Any thoughts on how this can be handled?

Best, Jeremy Streeter

rubemz commented 11 years ago

It may be happening because you may have mapped all your NavPoint entries to getComponents() in your book data object, including those URI with hash tags.

Based on the wiki: getComponents: returns an array of all the component ids that are to be accessed in linear reading order (ie, like the spine in an EPUB OPF file — you don't have to list every component, just the ones that are read in order).

If you have repeated components you will get stuck in a loop. Since a component URI with or without hash tag would lead you to load the same (x)html - EPub component. So, you should map the spine of the book to the getComponents.

Take a look inside the spine inside the *.opf file and map it to getComponents. It should look like this:

<spine toc="ncx">
    <itemref idref="titlepage" />
    <itemref idref="historico-obra.xhtml" />
    <itemref idref="ficha-catalografica.xhtml" />
    <itemref idref="Section0001.xhtml" />
</spine>
arcgaden commented 11 years ago

Thanks, while that didn't exactly fix my issue, it pointed me in a direction that was very helpful. We had a server side method (C#) that was both seeding Book content and component IDs. I altered it to differentiate between which we were seeding, and began stripping out any navPoints with a URI containing a Hash Tag. Which of course has its own issues when a publisher/author is not HTML savvy and adds a URI such as "Chap1.html#chap1", when not a descendant and at the top level. This kind of issue cripples the TOC, but at least the content remains available.

Anybody have a quick method for stripping # hash tags and following content from a tag? I tried a few different approaches but messing with inline Attribute text is a little tricky and doesn't behave consistently. At any rate, thanks again for the note on the components. This removed our looping issue, and a modicum of other minor behavoral issues related to the hashtags in nested navs.

Best, Jeremy Streeter

rubemz commented 11 years ago

You are welcome :D

On Thu, Sep 6, 2012 at 5:42 PM, Jeremy Streeter notifications@github.comwrote:

Thanks, while that didn't exactly fix my issue, it pointed me in a direction that was very helpful. We had a server side method (C#) that was both seeding Book content and component IDs. I altered it to differentiate between which we were seeding, and began stripping out any navPoints with a URI containing a Hash Tag. Which of course has its own issues when a publisher/author is not HTML savvy and adds a URI such as "Chap1.html#chap1", when not a descendant and at the top level. This kind of issue cripples the TOC, but at least the content remains available.
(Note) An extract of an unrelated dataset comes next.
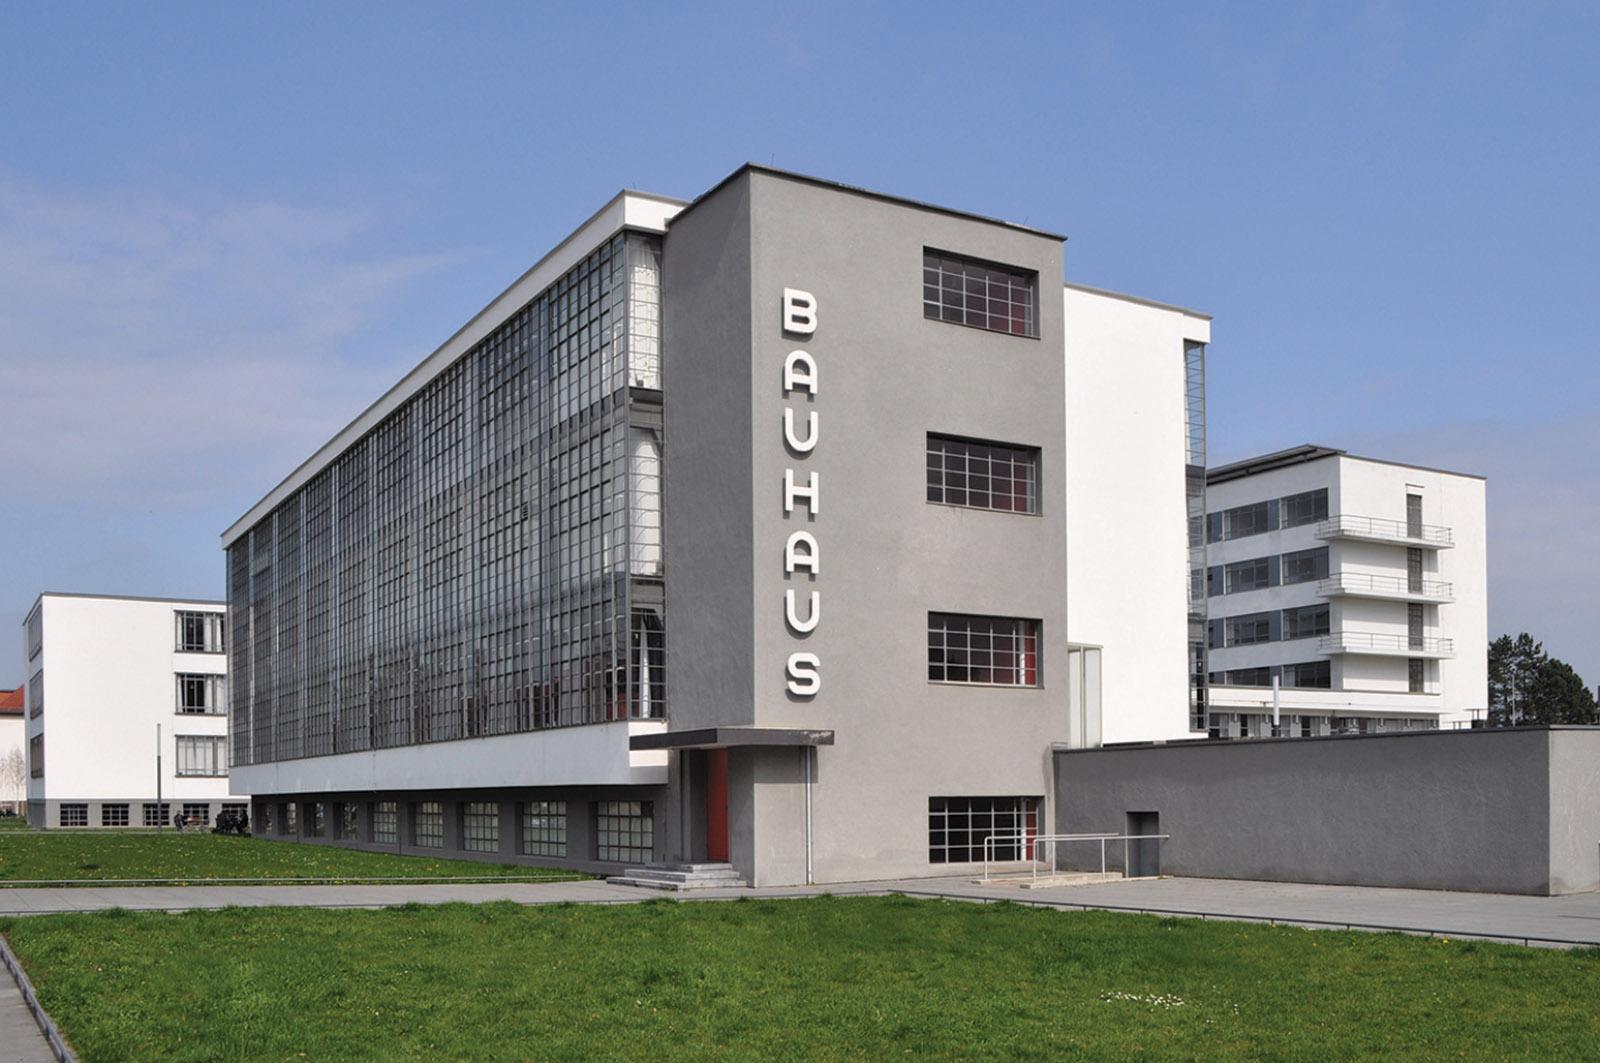 The Bauhaus building

Anybody have a quick method for stripping # hash tags and following content from a tag? I tried a few different approaches but messing with inline Attribute text is a little tricky and doesn't behave consistently. At any rate, thanks again for the note on the components. This removed our looping issue, and a modicum of other minor behavoral issues related to the hashtags in nested navs.

Best, Jeremy Streeter

— Reply to this email directly or view it on GitHubhttps://github.com/joseph/Monocle/issues/135#issuecomment-8346762.

Rubem Nakamura

joseph commented 11 years ago

@arcgaden If you're ever modifying HTML content, I'd strongly recommend that you use an XML parser rather than regexes (for reasons that are convincingly laid out here). But it's a rule that Monocle breaks in a few places.

Still, in general, note that with JavaScript you have a built-in parser — the browser. Try hooking into the component:modify event and search the DOM of the component document for the URL pattern you need to change the behaviour of. This is exactly the way the Stencil works, so the Stencil tests might give you some clues.

Closing this issue as I think it's resolved now.